Exercise instructions =
What should be copied is the stretch of entries below from the line with "Beautiful vintage dark" up to and including the line with "In very good", exactly and without images.

Data shown =
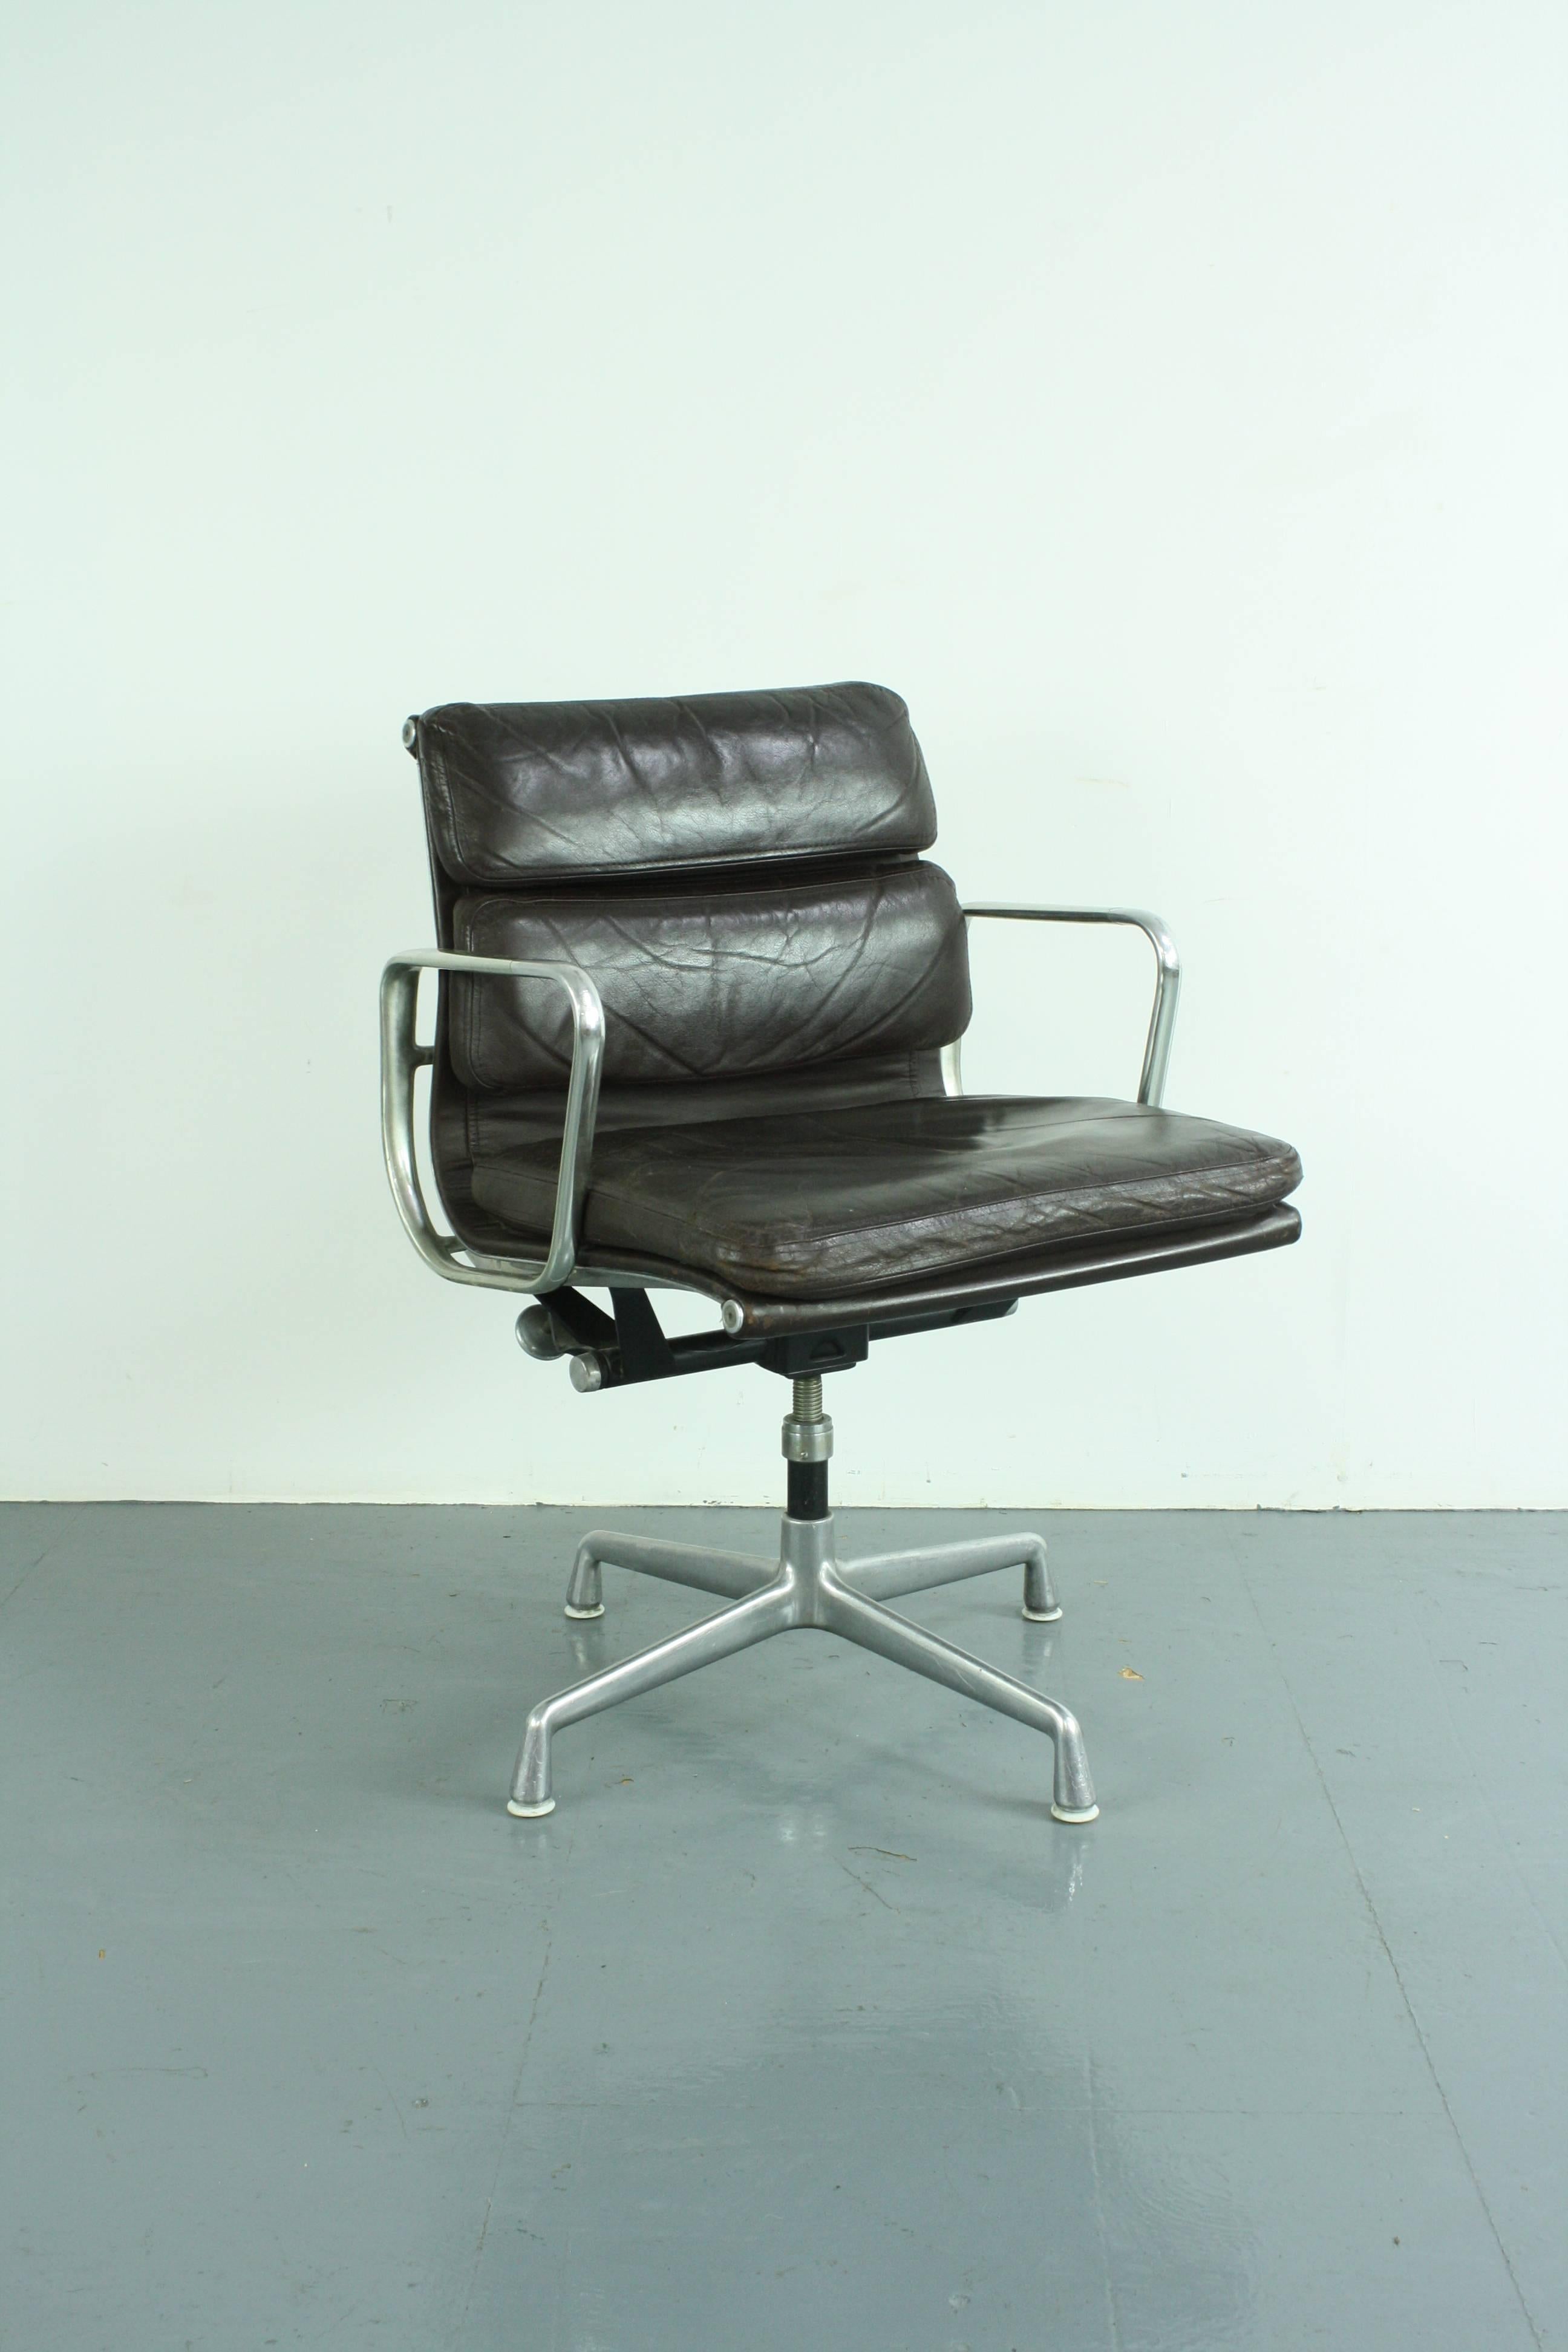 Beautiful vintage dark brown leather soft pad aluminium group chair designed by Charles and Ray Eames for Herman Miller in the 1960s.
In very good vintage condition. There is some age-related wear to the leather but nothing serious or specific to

==

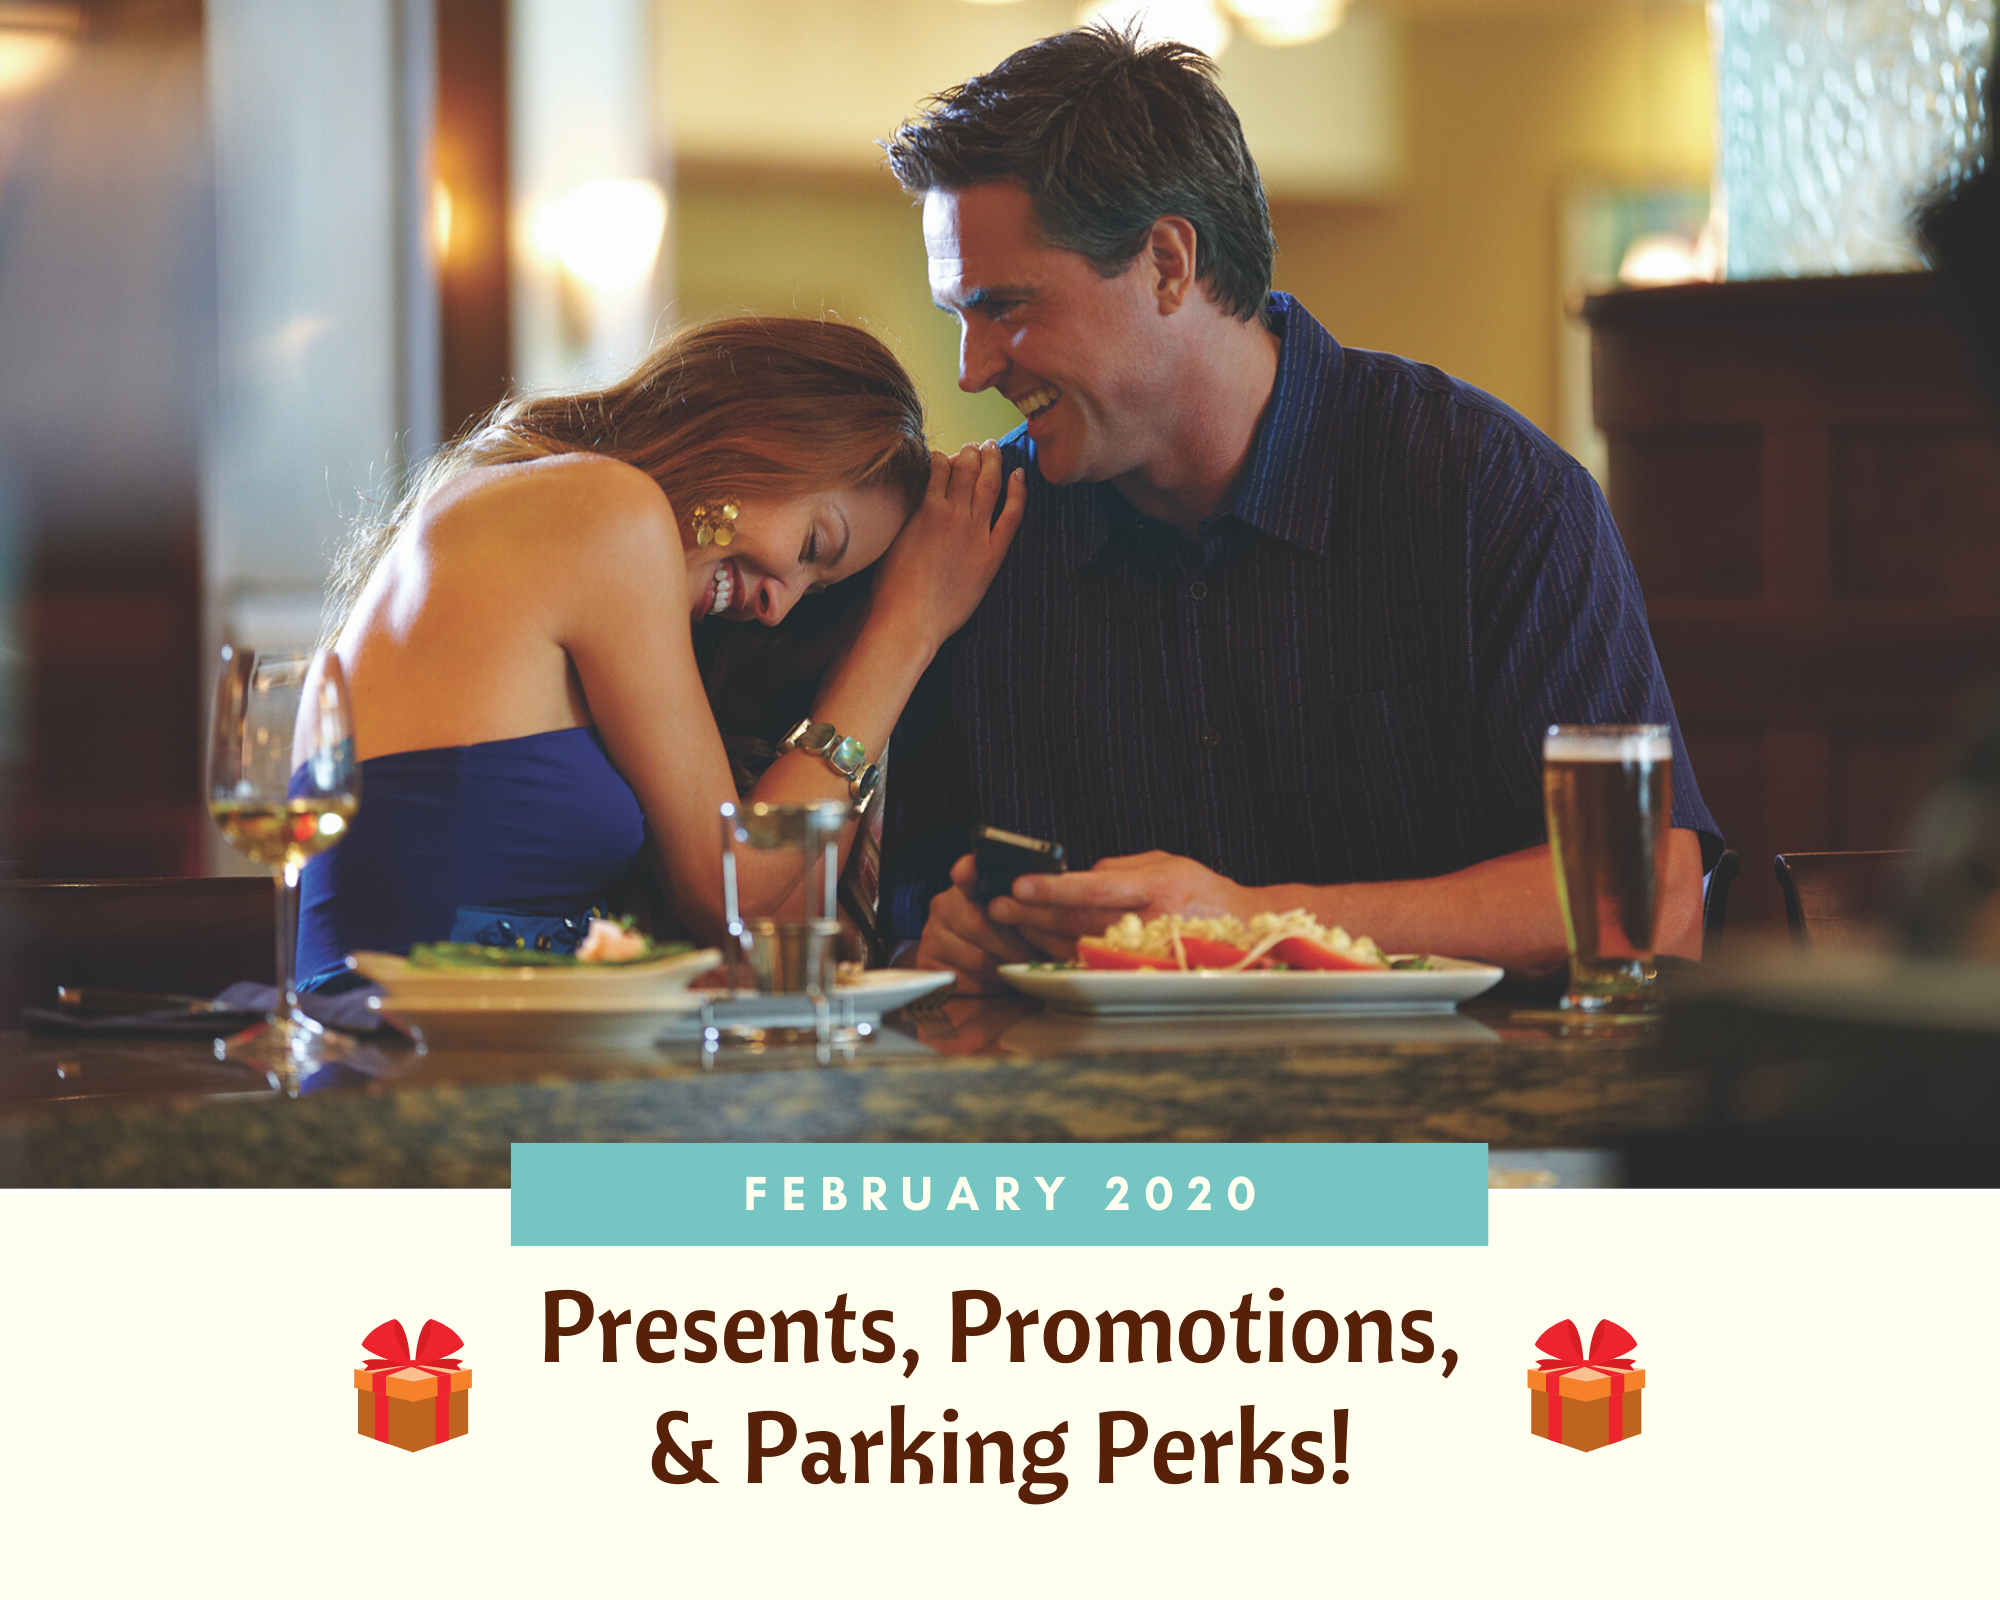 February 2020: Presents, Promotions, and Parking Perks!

Expected output =
 Beautiful vintage dark brown leather soft pad aluminium group chair designed by Charles and Ray Eames for Herman Miller in the 1960s.
In very good vintage condition. There is some age-related wear to the leather but nothing serious or specific to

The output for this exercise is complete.